Woodcreeper

Woodcreepers
Cocoa woodcreeper
Scientific classification
Kingdom: Animalia
Phylum: Chordata
Class: Aves
Order: Passeriformes
Suborder: Tyranni
Family: Furnariidae
Subfamily: Dendrocolaptinae
Genera

Around 15–20, see article text

The woodcreepers (Dendrocolaptinae) comprise a subfamily of sub-oscine passerine birds endemic to the Neotropics. They have traditionally been considered a distinct family Dendrocolaptidae, but most authorities now place them as a subfamily of the ovenbirds (Furnariidae). They superficially resemble the Old World treecreepers, but they are unrelated and the similarities are due to convergent evolution. The subfamily contains around 57 species in 15 to 20 genera.

Woodcreepers range from 14 to 35 centimetres in length.[1] Generally brownish birds, the true woodcreepers maintain an upright vertical posture, supported by their stiff tail vanes.

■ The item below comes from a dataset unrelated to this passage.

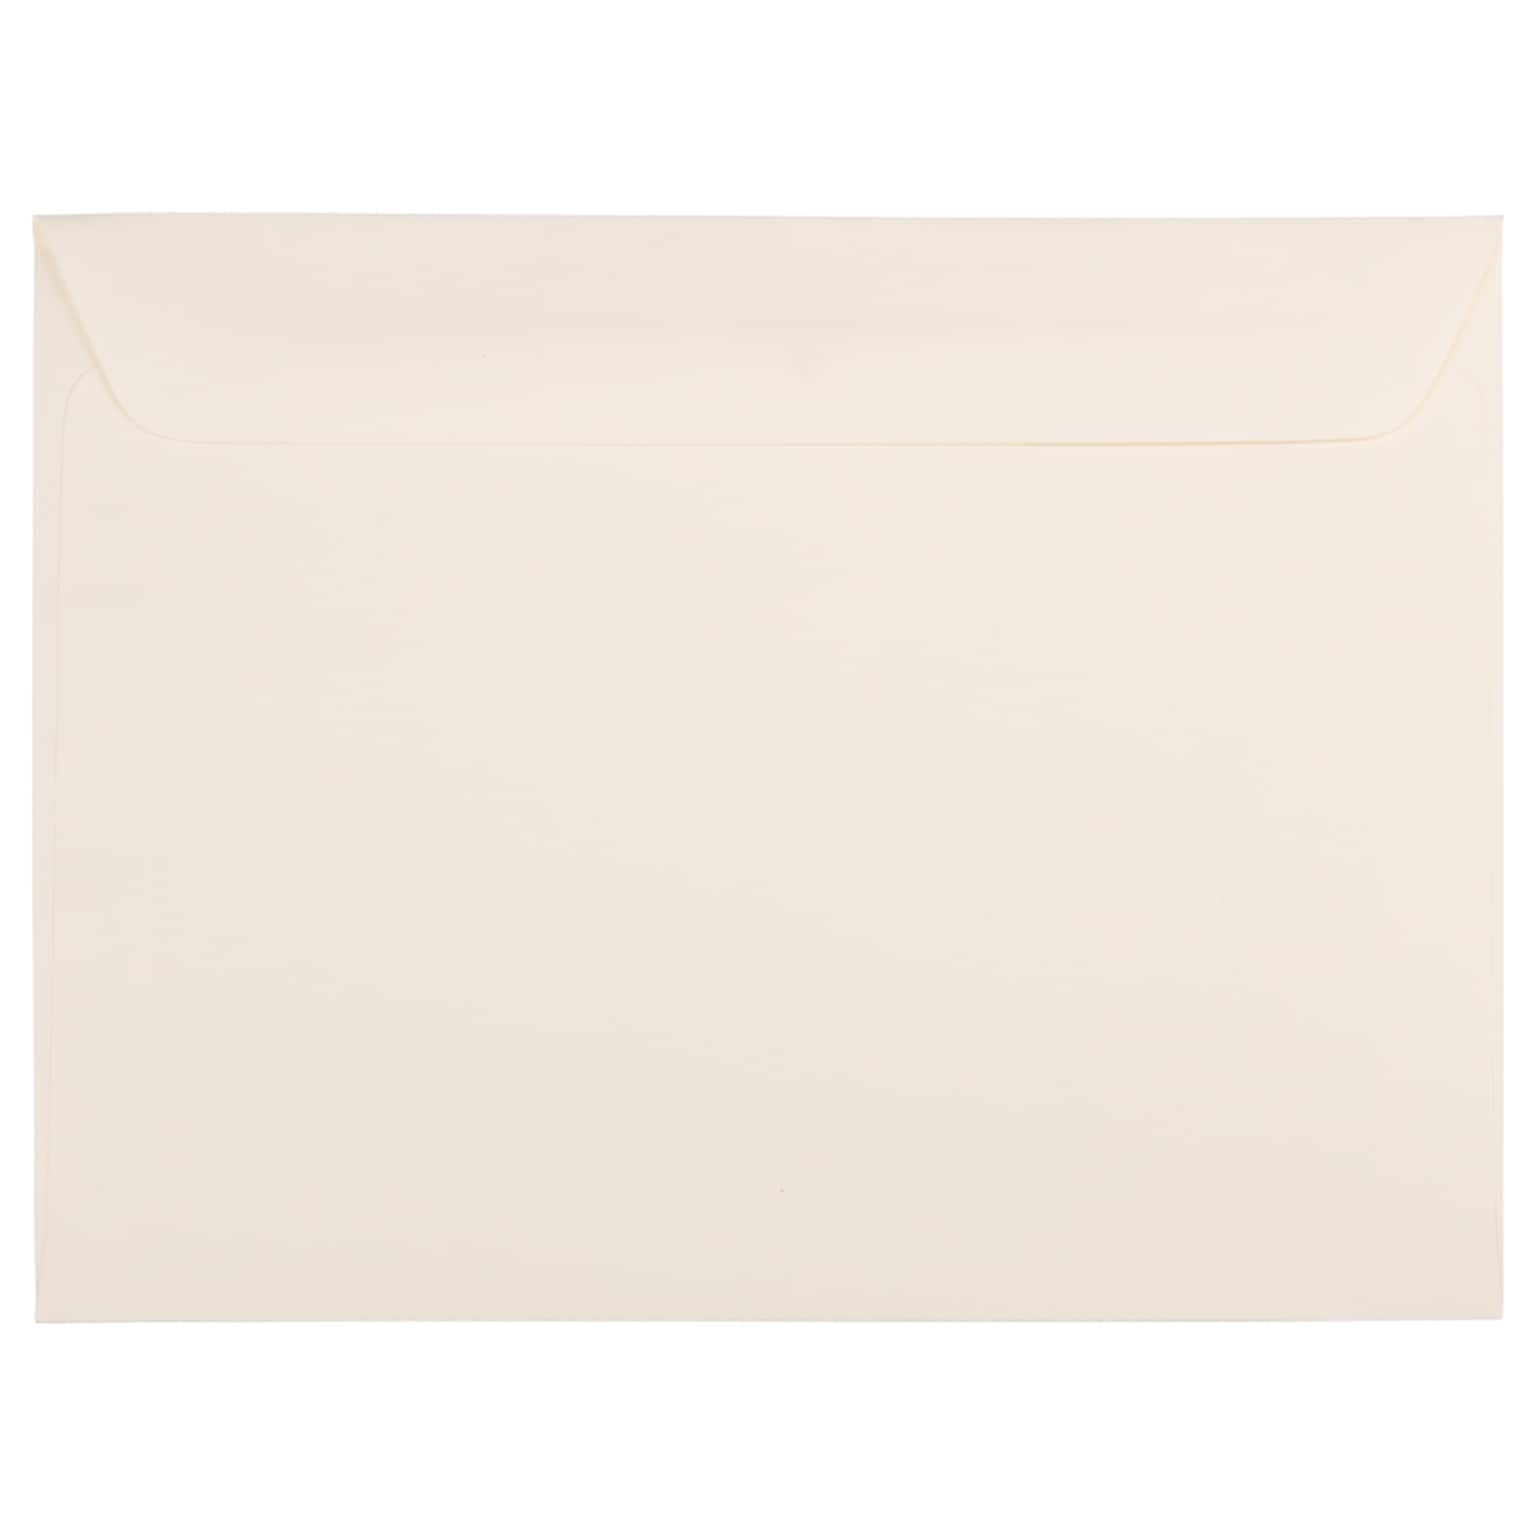 JAM Paper® 9 x 12 Booklet Strathmore Envelopes, Ivory Wove, 25/Pack (194504)

They feed mainly on insects taken from tree trunks. However, woodcreepers often form part of the core group at the centre of flocks attending army ant swarms. Woodcreepers are arboreal cavity-nesting birds; two or three white eggs are laid and incubated for about 15 to 21 days.[1]

These birds can be difficult to identify in that they tend to have similar brown upperparts, and the more distinctive underparts are hard to see on a bird pressed against a trunk in deep forest shade. The bill shape, extend/shape of spots/streaks, and call are useful aids to determining species.

Description

The wedge-billed woodcreeper is the smallest species in the subfamily (the xenops are smaller, but their exact taxonomic position has not been resolved).

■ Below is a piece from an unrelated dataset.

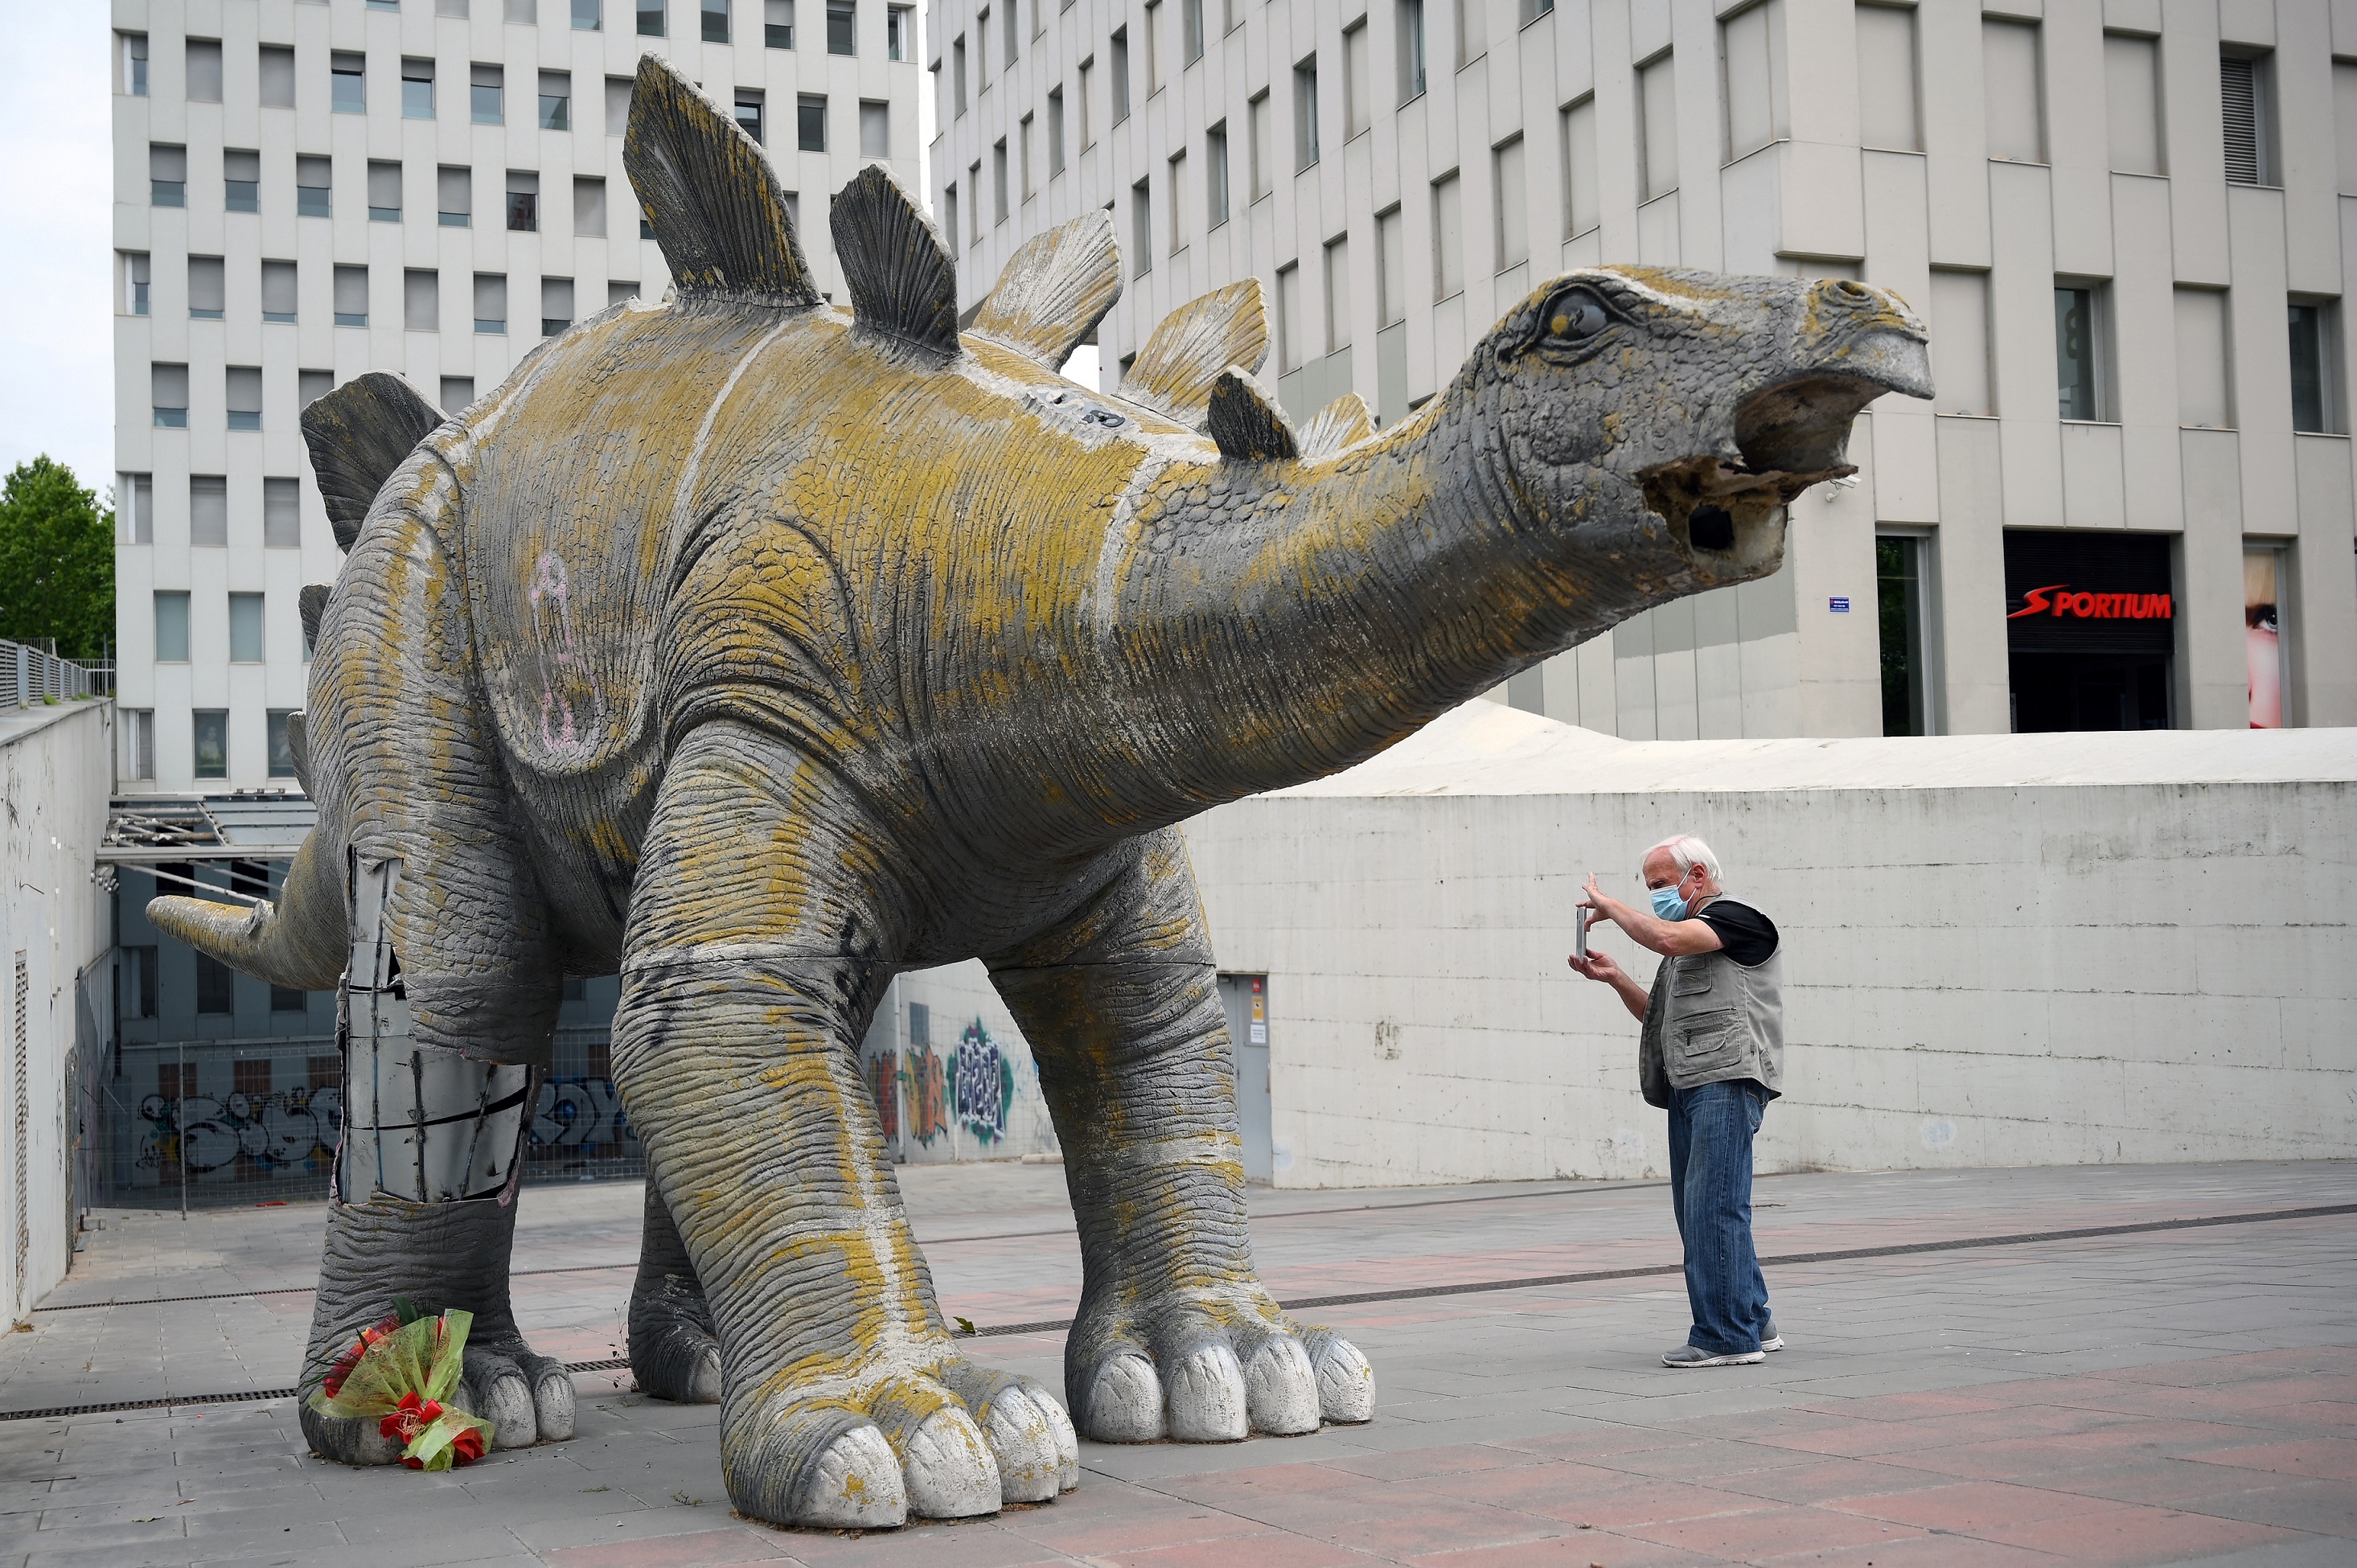 Muere un hombre dentro de una estatua de un dinosaurio en Barcelona |  Público

The woodcreepers are generally fairly uniform in appearance. They range in size from 13 cm (the wedge-billed woodcreeper) to 35 cm in length (the strong-billed woodcreeper). Males tend to be slightly larger than females on average, but there is considerable overlap in size in most species. Pronounced sexual dimorphism in size and plumage is rare. Bill size and shape accounts for much of the variation between the species. Bills can be straight or highly decurved, and can account for as much as a quarter of the length of the bird (as happens in the long-billed woodcreeper). The plumage is usually subdued and often brown, or sometimes rufous or other dark colours. Many species have patterns such as checking, spotting or barring on their plumage. The feathers of the tail are rigid and are used for supporting the body when climbing tree trunks;[2] the tail can support most of the body weight and birds that lose their tail find climbing difficult. Woodcreepers climb by flexing their legs and hopping up the trunk. The feet of the woodcreepers are also modified for climbing. The front three toes are strongly clawed and the back tow is strong and long. The legs are also strong.[3]

Habitat and distribution

The scimitar-billed woodcreeper is unusual for the subfamily in living in highly arid and open habitats, and in being predominately a ground forager.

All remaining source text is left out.